Публика была в восторге и от ее декламации, и от переливов голоса, и от манеры держать себя. Когда она гуляла по улице, ее поклонники восхищались ею. Когда она показывалась в окне кареты, все шептали единогласно: «Вот едет самая грациозная женщина Испании!» Эти уличные овации очень радовали ее, или лучше сказать нас, потому что слуги всегда разделяют успехи своих господ.

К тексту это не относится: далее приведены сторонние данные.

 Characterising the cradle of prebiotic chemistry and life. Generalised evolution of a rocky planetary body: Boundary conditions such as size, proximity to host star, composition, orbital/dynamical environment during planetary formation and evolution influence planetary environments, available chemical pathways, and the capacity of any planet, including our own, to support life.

Мне казалось, что она обладает пылким и нежным темпераментом. Но она была настолько сдержанна, что многие считали ее холодной. Она была очень добра и по возможности старалась помогать нуждающимся. Каждую субботу к нам приходили бедные, и одной из моих обязанностей было наделять их мелкой монетой. Жила она со своей старой восьмидесятилетней бабушкой, донной Домингвитой, и кроме меня держала еще служанку.

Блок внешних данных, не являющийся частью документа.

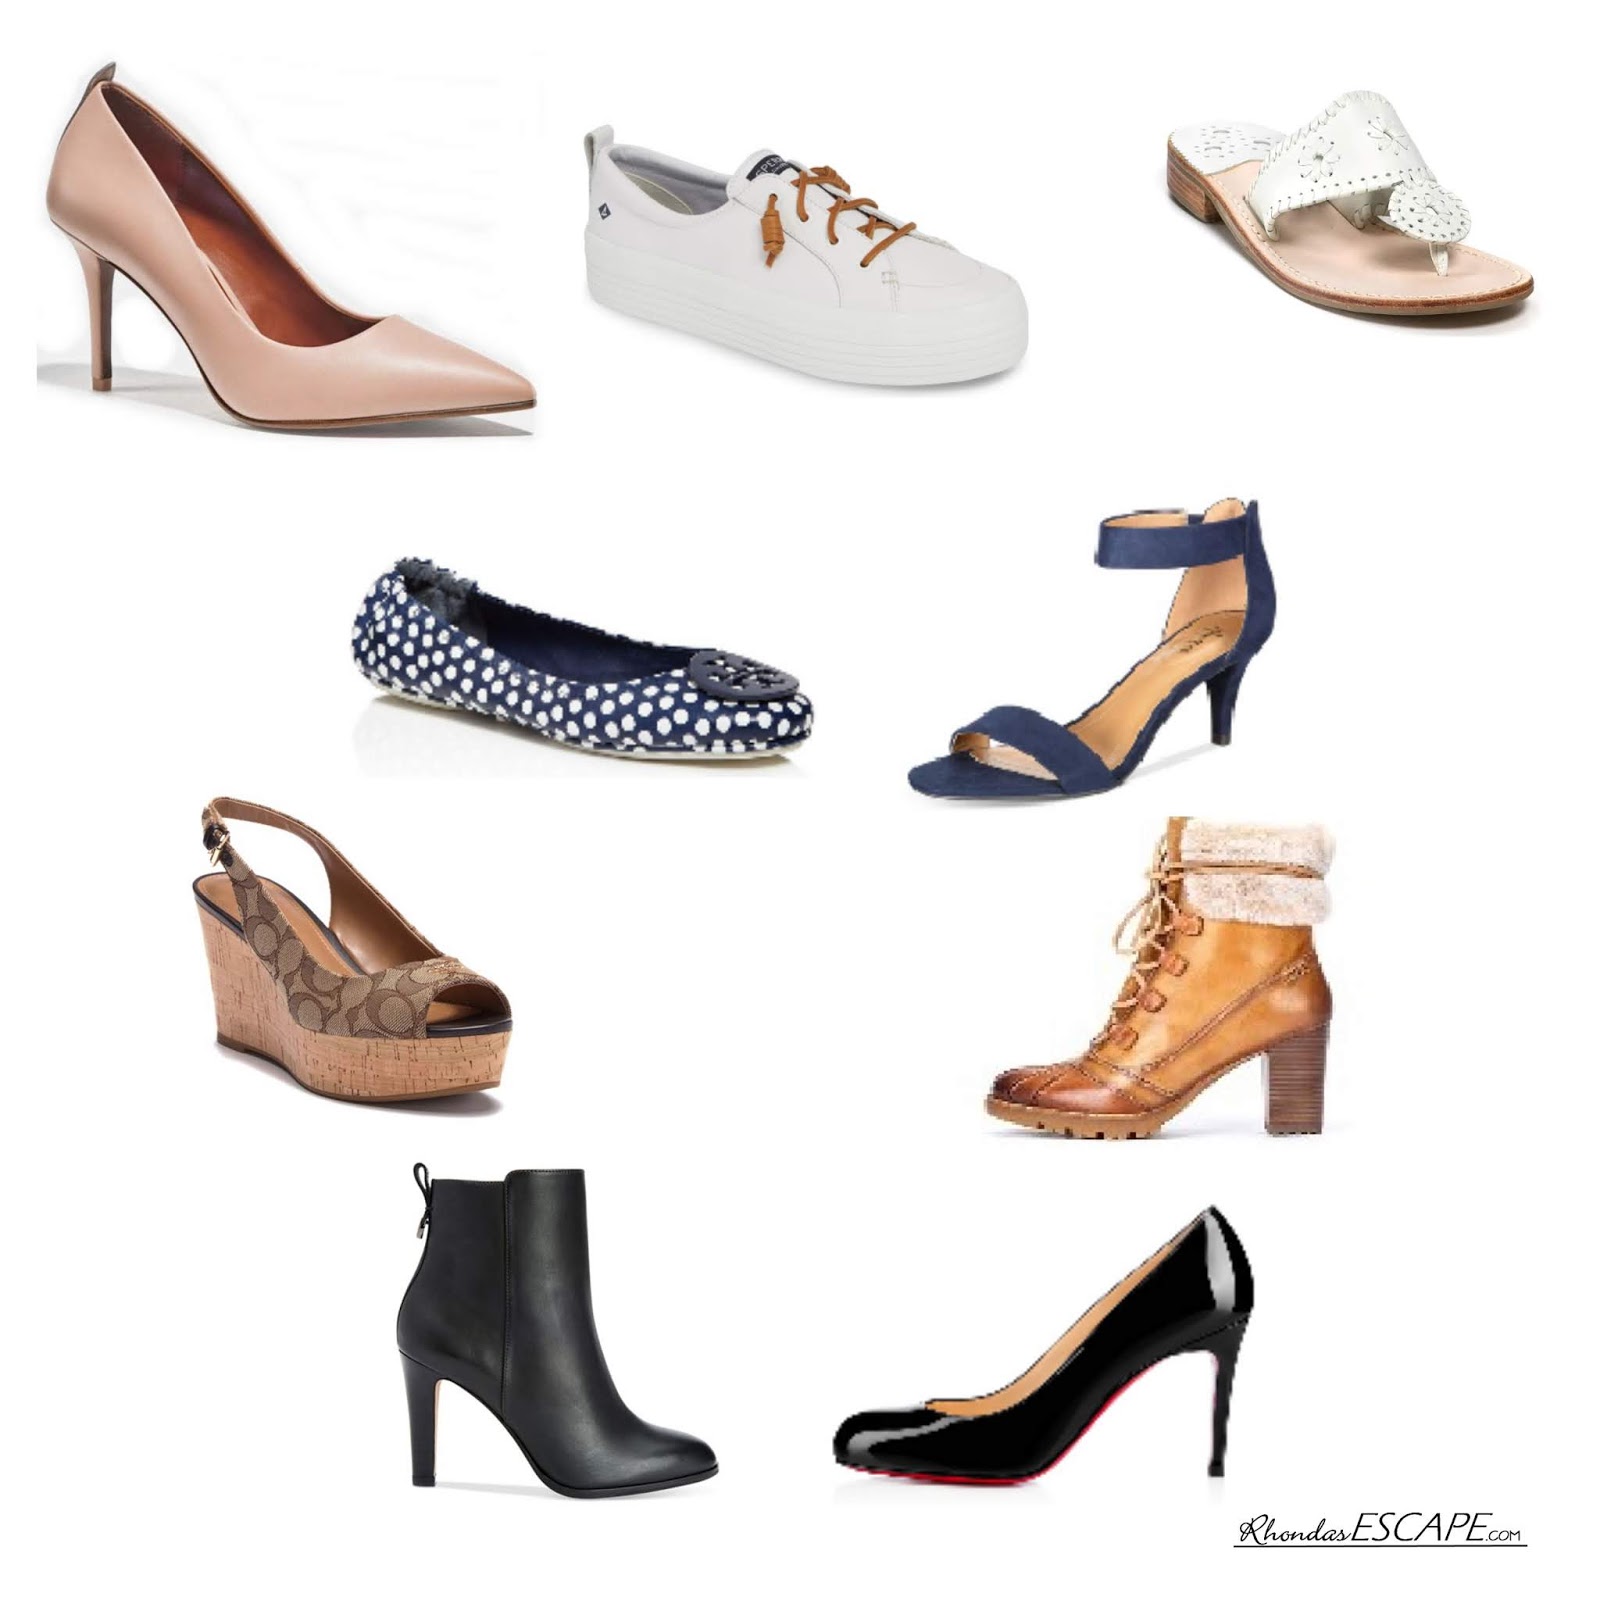 10 Must-Have Shoes Every Woman Should Own

Не знаю, как взглянул бы я на нее теперь, но тогда она казалась мне превосходной актрисой. В то время у нее не было соперниц, так как наши знаменитости сошли со сцены именно тогда, когда ее талант был в полном блеске. А из мужского персонала единственной звездой, также не имевшей соперников, был Исидоро Маиквес.
Не могу сказать, чтоб я был особенно высокого мнения относительно ее образования. Она мало интересовалась литературой и, по всей вероятности, не изучала знаменитых драматургов, хоть и преклонялась перед Кальдероном и Лопе де Вега.
Я должен прибавить, что в то время театры были вовсе не похожи на теперешние. В галерее и райке мужские места были отделены от женских перегородкой. Если теперь можно шепотом поделиться своими впечатлениями с соседом, то тогда, наоборот, мужчине надо было почти кричать, чтобы его услышала женщина. Поэтому в театре, во время представлений даже, стоял такой шум и гам, что трудно было расслышать слова актеров.
Если глядеть на залу сверху, то она имела крайне жалкий вид. Керосиновые фонари едва мерцают, Аполлон, изображенный на потолке, с лирой в руках, кажется, вот-вот сейчас с горя разобьет ее. А когда зажигали большую люстру, висевшую посреди залы, то это событие в райке всегда встречалось шумными овациями и веселыми криками. Ложи были до такой степени малы, что в них помещалось с большим трудом определенное число лиц, а так как дамы вешали на балюстраду свои мантильи и шали, то ряды лож были похожи на прилавки магазинов маскарадного платья. В креслах мужчины сидели в шляпах, и долго этот обычай не мог искорениться, несмотря на то, что на дверях были надписи: «Посетители лож и партера, все без исключения, обязаны сидеть без шляп и фуражек, но по желанию могут оставлять при себе плащи».
II
Но прежде чем переходить к событиям осени 1807 года, оставившим в памяти мадридцев воспоминание о знаменитом заговоре в Эскуриале, я не могу не сказать несколько слов об одной девушке, овладевшей моим сердцем и имевшей большое влияние на всю мою жизнь.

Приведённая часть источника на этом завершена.